▸ **Exercise objective**
Could the listing be repeated exactly, with every picture dropped?

▸ **Provided data**
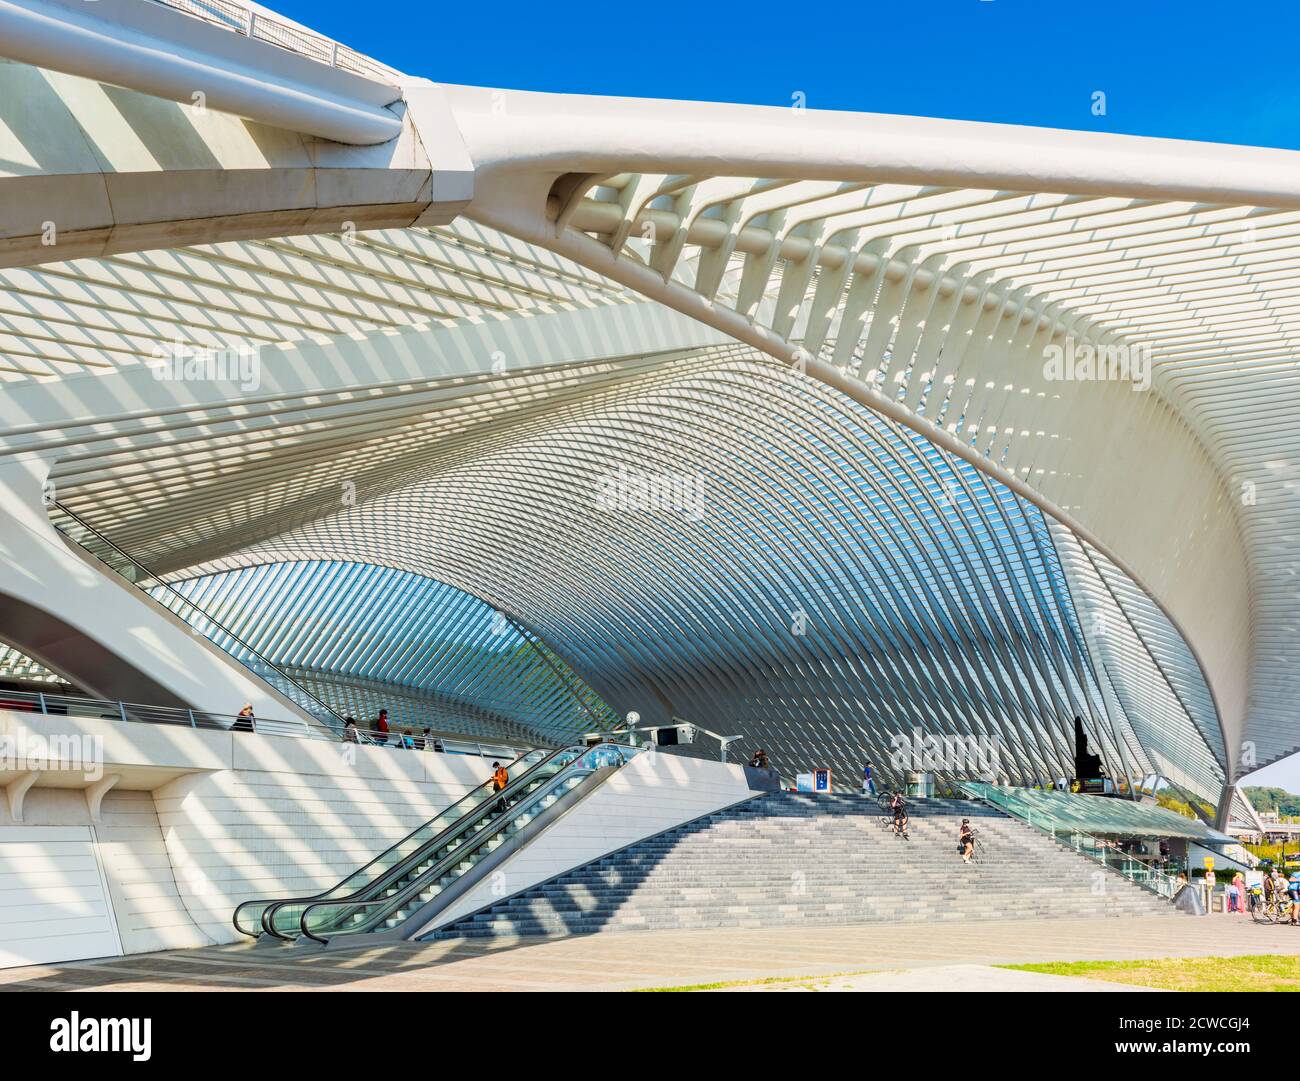 Vue latérale de l'entrée principale de la gare de Liège Guillemins à Liège, Belgique. Il a été conçu par l'architecte Santiago Calatrava et a ouvert ses portes en 20 Banque D'Images
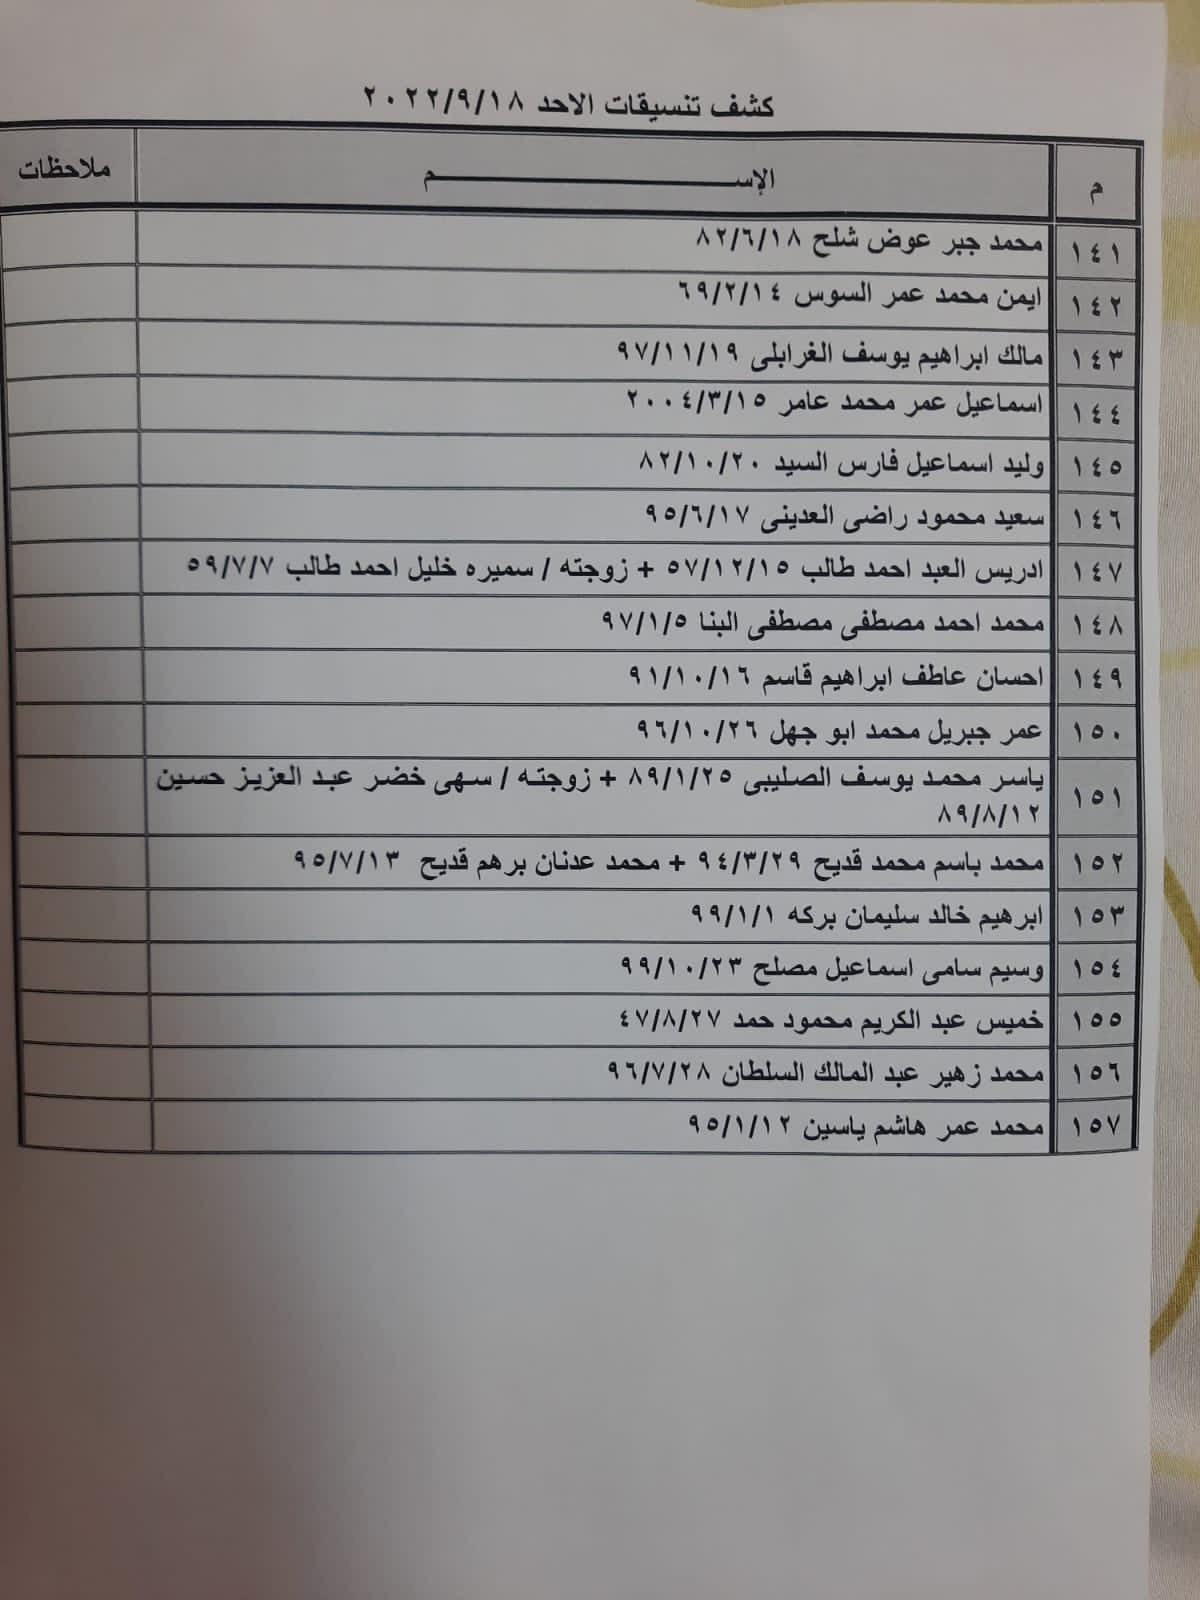 بالأسماء: كشف "التنسيقات المصرية" للسفر عبر معبر رفح الأحد 16 أكتوبر 2022
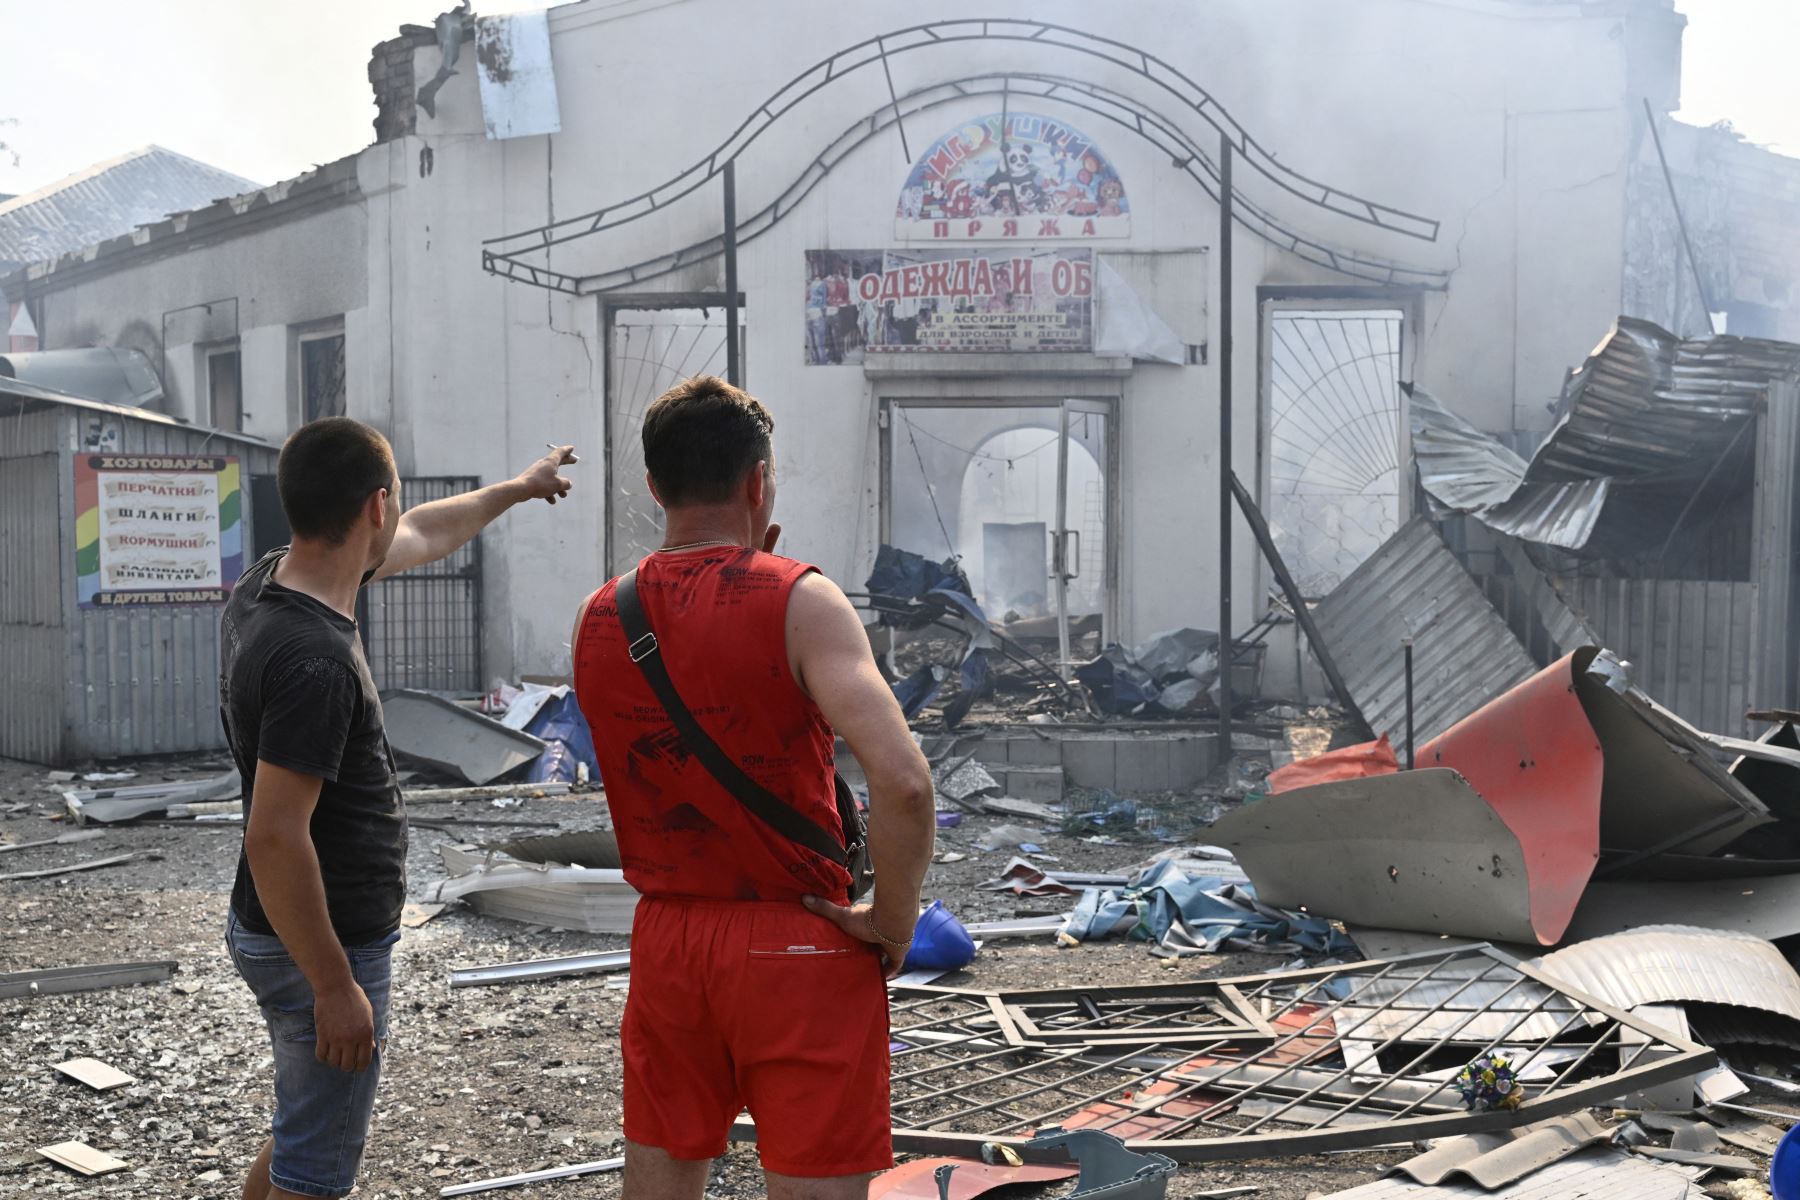 Los residentes locales pasan por las tiendas destruidas en un mercado local después de un ataque con cohetes en la ciudad ucraniana de Sloviansk.
Foto: AFP

▸ **Problem solution**
 Vue latérale de l'entrée principale de la gare de Liège Guillemins à Liège, Belgique. Il a été conçu par l'architecte Santiago Calatrava et a ouvert ses portes en 20 Banque D'Images
 بالأسماء: كشف "التنسيقات المصرية" للسفر عبر معبر رفح الأحد 16 أكتوبر 2022
 Los residentes locales pasan por las tiendas destruidas en un mercado local después de un ataque con cohetes en la ciudad ucraniana de Sloviansk.
Foto: AFP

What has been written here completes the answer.